– О чём Вы говорите? – возмутился де Голль. – Республика никогда не прекращала своего существования.
– Но мы же победили Виши и отобрали у них власть, почему бы Вам, генерал, не сообщить об этому ликующему народу? – взмолились лидеры.
– Правительство Виши никогда не было ничем и остаётся ничем. – сказал он, как отрезал. – Виши вообще не было. Что такое Виши? Была сражающаяся Франция, была свободная Франция, был Комитет национального освобождения под моим командованием, и он себе её, так сказать, постепенно вернул.
– Так Вы не будете объявлять Республику народу? – озабоченно переспросили на всякий случай лидеры.
«Я и есть Республика», подумал де Голль, но, сделав благоразумную паузу и молодцевато дёрнув себя за козырёк, он ответил лидерам на чуть более уравновешенных тонах:
– Я и есть президент этой Республики. Мне незачем её объявлять.
Республика, между тем, перебиваясь американским пайком, всё глубже увязала в долгах и относительно безнадёжной послевоенной разрухе. Разумеется, при таких обстоятельствах лишь полный болван или искренний, неисправимый идеалист отказался бы от заморских владений, кормивших национальный бюджет этой самой Республики. Пока товарищ Чан, выложив маузер на стол и развалившись в кресле генерал-губернатора, внимательно изучал адмиральские бумаги, мелко и часто испещрённые галочками да крестиками, британские королевские ВВС уже высадили в окрестностях Сайгона некоего полковника Седиля, которому лично де Голль наказал передать товарищу Чану и иже с ним несколько туманных, многообещающих, но в то же время внушительных слов во всём, что касается “наших владений”, слов. Когда небритый и взмокший от пота полковник ввалился к нему в кабинет и несколько сумбурно вывалил на него ворох многообещающих, но в тоже время внушительных слов, товарищ Чанг чутьём понял, что с этими людьми придётся считаться, и поэтому мгновенно с чисто восточной хитростью решил отделаться столь же велеречивыми и кружевными заверениями в лояльном антифашизме.
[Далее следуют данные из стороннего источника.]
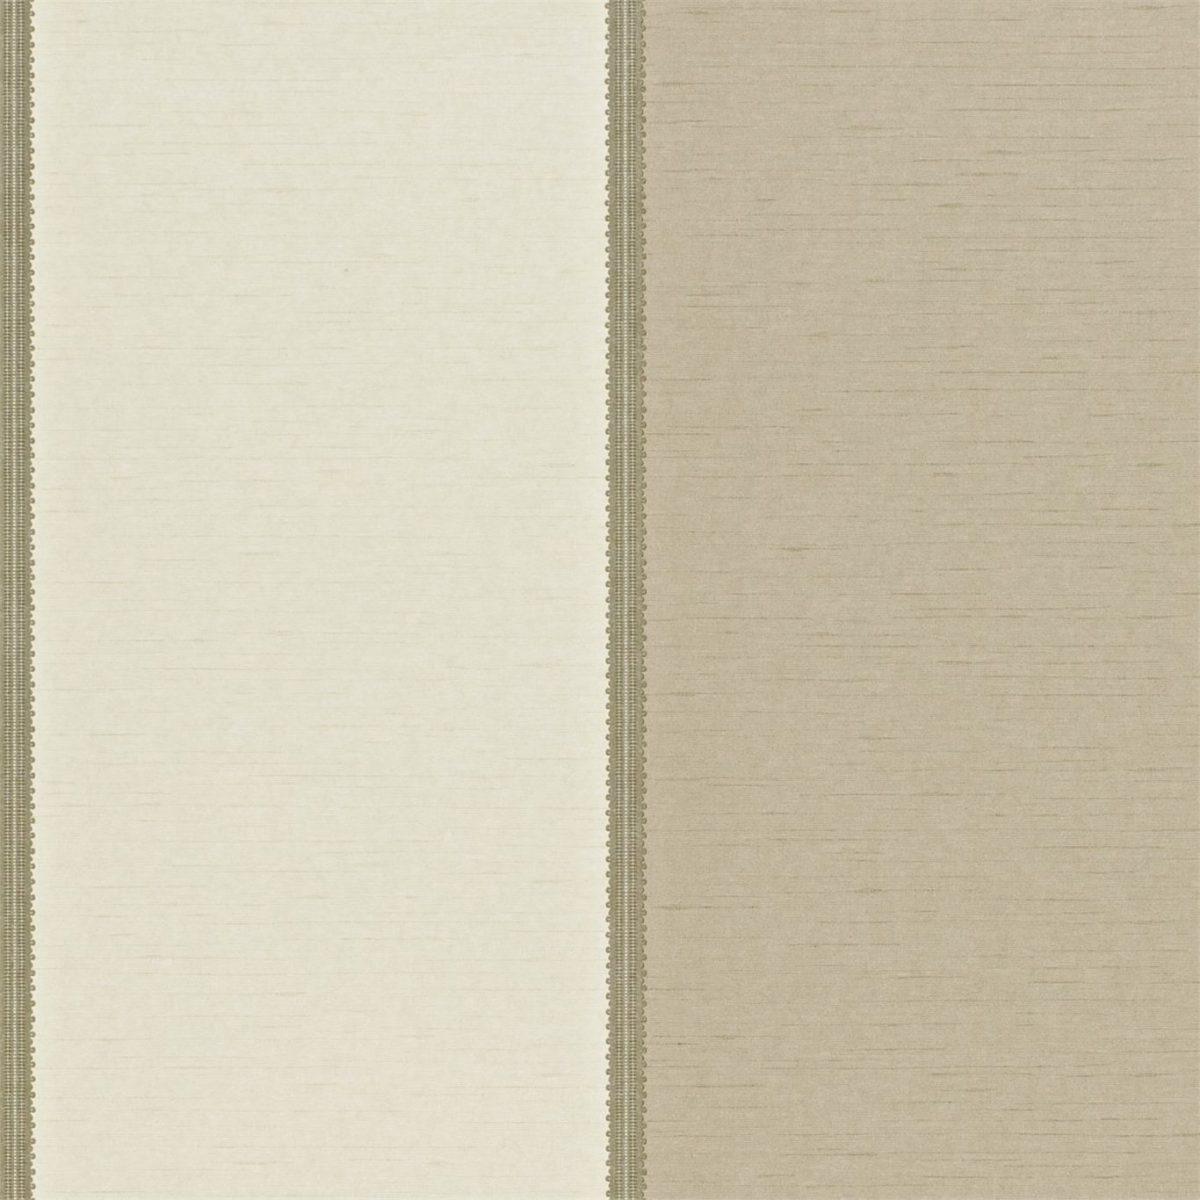 Sanderson Tapet Braided Stripe Ivory / Linen

– О да, месье Седиль, конечно месье Седиль, – залебезил он в завершение разговора. – Индокитайская федерация в рамках Французского Союза – это совершенно замечательная идея, месье Седиль. Мне самому очень нравится! Очень! Но генералу де Голлю следовало бы напрямую обсудить это с Хошимином, месье Седиль, главой нашего государства, ДРВ, не менее легитимным, чем сам де Голль.
– Погодите, месье Чанг, можно я запишу, говорите помедленнее…
– О да, месье Седиль… Но не хотите ли выпить, полковник?
– Очень хочу, – сразу же оживившись, закивал месье Седиль.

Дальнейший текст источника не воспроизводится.